A lot has changed since VUH originally opened in 1980, and the new tower has the space and technology to provide the highest quality care to Vanderbilt’s sickest patients.  The new tower is just one item on a long list of changes to a hospital that was designed with renovation in mind, including the addition of Lifeflight’s helipad, two complete renovations of the emergency department and the relocation of the Children’s Hospital.
To give you a glimpse of what makes this tower so great and answer your burning questions (like where exactly the entrance is), we offer the following Q&A.

When will the Critical Care Tower open?
Patients will move into the tower on Nov. 14. The operating rooms will open a few days later.  
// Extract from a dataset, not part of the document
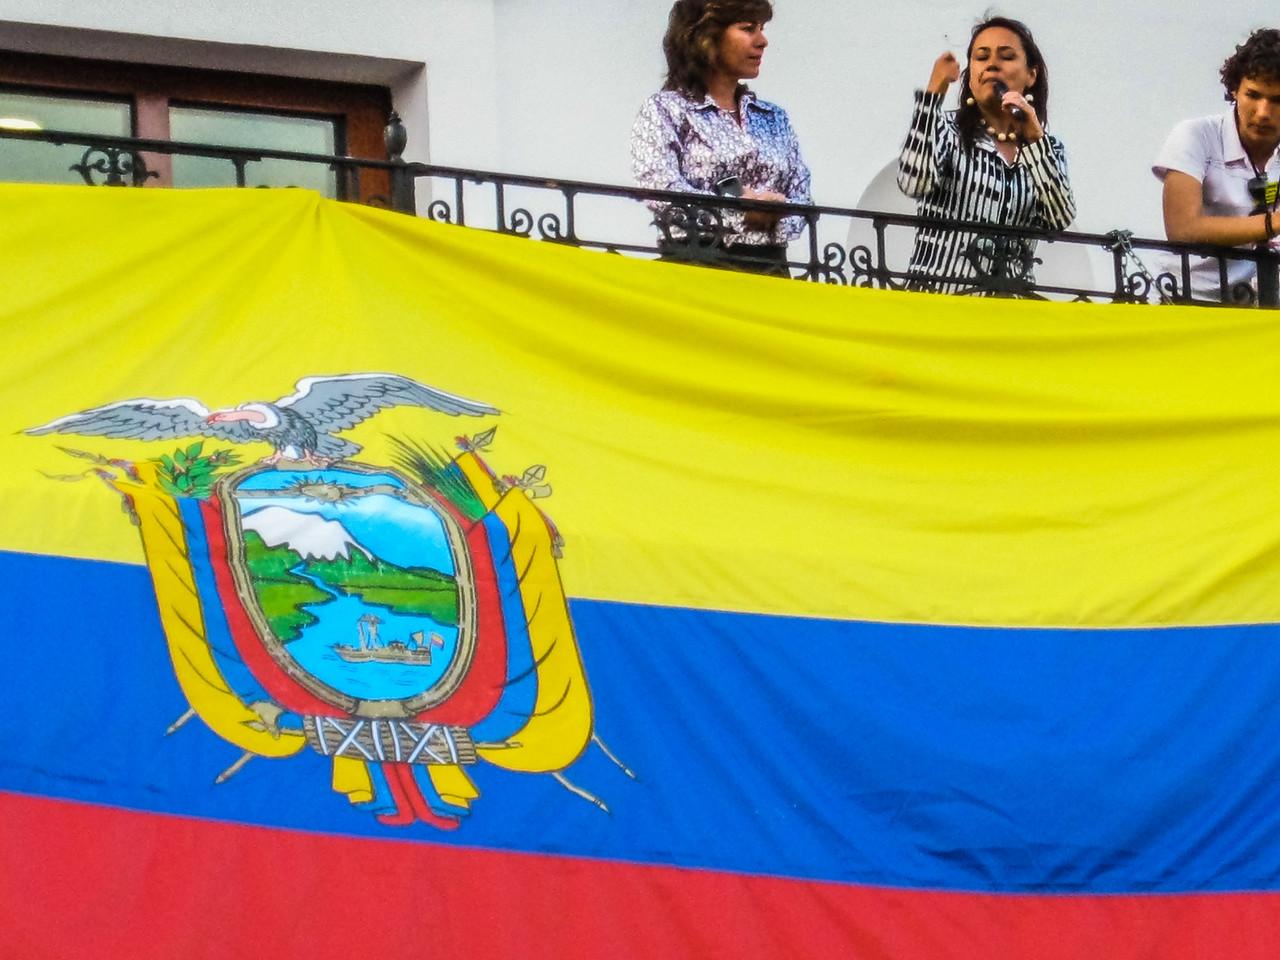 Politicians, Quito, Ecuador

How much space has been added?
The CCT is 329,000 total square feet, but not all of that space will be used immediately. Three of the tower’s 11 floors have been shelled for future growth.

How much did this cost?
About $169 million. Original construction of VUH in 1980 cost $65 million, but when adjusted for inflation, cost of the original hospital and the CCT are about the same.

Why was this tower necessary?
Quite simply, we need more space. In the nearly 30 years since VUH opened, a lot has changed in medicine and there just isn’t enough space to provide the care that critical patients require. The patient rooms are too small for the high-tech equipment used today, and support spaces do not accommodate all the necessary supplies. There are not enough operating rooms, and many of them are too small for high-tech surgeries. Not all rooms are private, and they do not have bathrooms or let family stay near their loved ones. There is limited space for staff to work and document, and vertical transportation abilities have not kept pace with growth.

Did the economic downturn affect the plans at all?
Plans for the CCT have not changed significantly since the economic downturn. The original plan called for an immediate renovation in VUH of surgical support areas and spaces vacated by units moving to the CCT. Those projects are still in the planning phase. Floors 7 and 10 of the CCT will be shelled for future growth. Floor 2 was originally planned for patient and family amenities, but it will be shelled for now.